Biologie Maroc
Floristique · S4 · Chapitre 1 sur 8

Concepts, principes et méthodes de la systématique

Lecture : 11 min·Rédigé par l'équipe Biologie Maroc·Mis à jour : août 2026

La floristique commence par une question simple en apparence : comment nommer et ranger les plantes que l'on rencontre sur le terrain ? Ce premier chapitre pose le cadre conceptuel du module — systématique, taxonomie, classification, notion d'espèce — et retrace l'évolution des méthodes de classement, des classifications vernaculaires aux classifications phylogénétiques modernes. Ces définitions ouvrent presque toujours les épreuves de Floristique S4.
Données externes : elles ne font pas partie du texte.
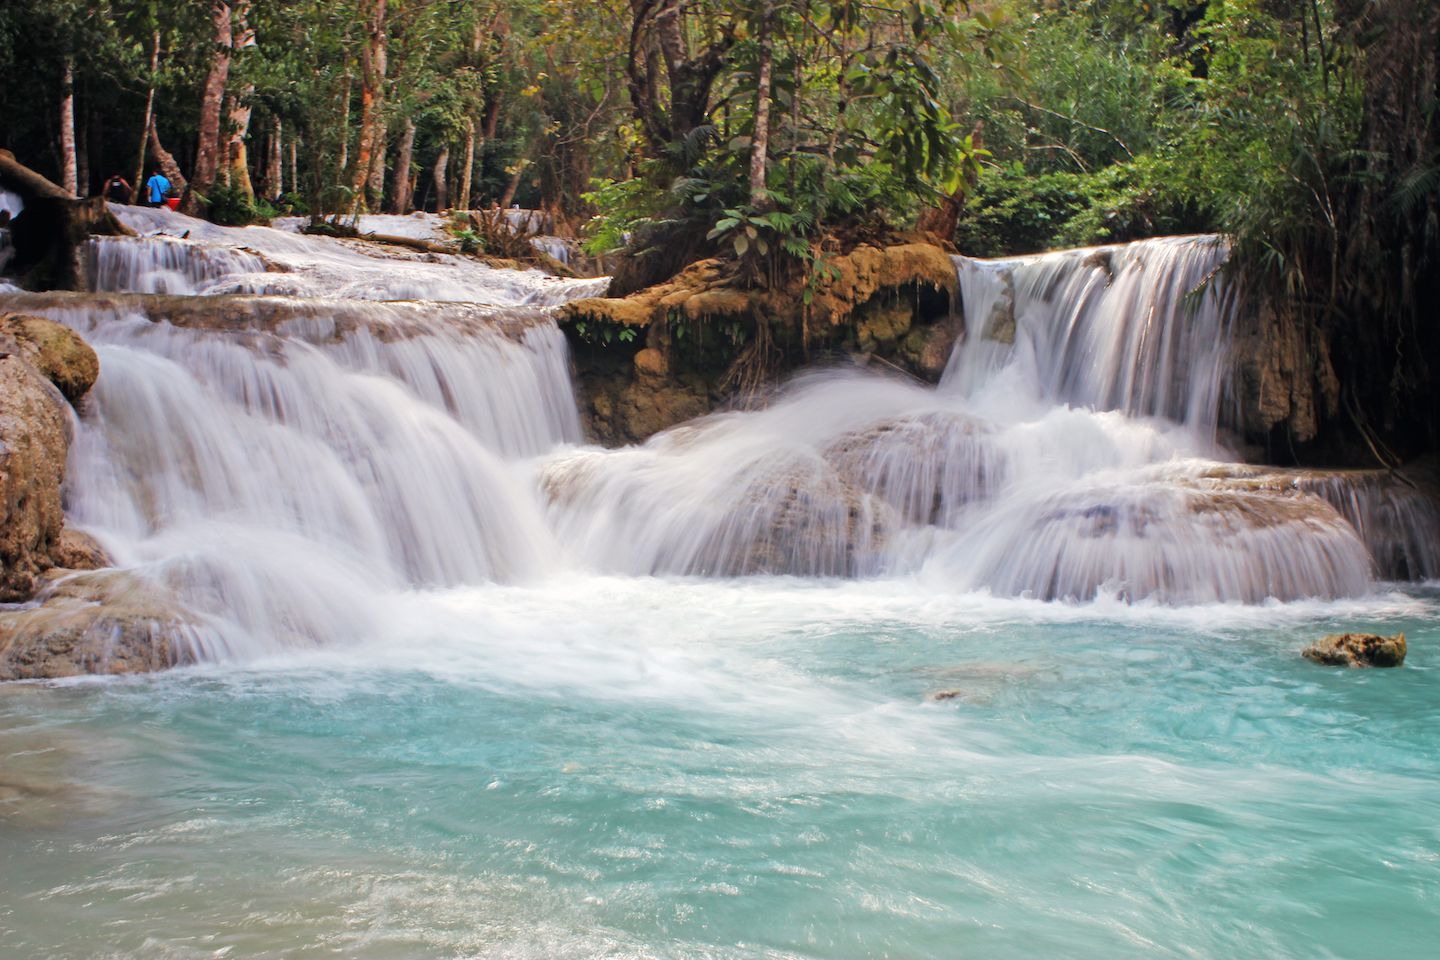 Multi-tiered waterfall at the Kuang Si Waterfall, Luang Prabang, Laos

1. Systématique, taxonomie et classification

La systématique est l'étude de la diversité biologique. Son objet est de reconstituer la phylogénie, c'est-à-dire de décrire et d'expliquer l'origine de la diversité du vivant, d'identifier les organismes, de les classer en groupes appelés taxons et de comparer leurs caractères. Elle cherche donc à mettre en évidence les relations évolutives entre les organismes. La taxonomie (ou taxinomie) est la science de la théorie et de la pratique de la classification : elle énonce les règles de la nomenclature et de la coordination des catégories, autrement dit elle nomme et classe les espèces. Taxonomie et systématique sont indissociables.

La classification biologique, elle, est l'arrangement concret des êtres vivants en groupes selon des critères variables : typologiques (ressemblance à un type), phénétiques (ressemblance globale mesurée) ou phylogénétiques (ascendance commune). Deux opérations distinctes s'y superposent : regrouper des individus dans des classes d'après leurs ressemblances, puis hiérarchiser ces classes en les emboîtant les unes dans les autres selon des degrés de généralité croissants. C'est cette seconde opération qui crée véritablement une systématique. Le philosophe des sciences David Hull considérait la classification comme l'un des aspects les plus fondamentaux de la science.

2. Pourquoi classer le vivant ?

Depuis l'Antiquité, les hommes cherchent à classer les êtres vivants ; Aristote (IVe siècle av. J.-C.) fut le pionnier d'une classification rationnelle. À l'origine, l'objectif était utilitaire — distinguer les plantes médicinales, les organismes comestibles ou toxiques — ou purement philosophique. Aujourd'hui, l'enjeu est scientifique : classer sert à comprendre l'histoire de la vie et l'évolution qui est à l'origine de la biodiversité actuelle. La systématique est aussi une discipline capitale pour la conservation : on ne protège correctement que ce qui est correctement identifié et inventorié.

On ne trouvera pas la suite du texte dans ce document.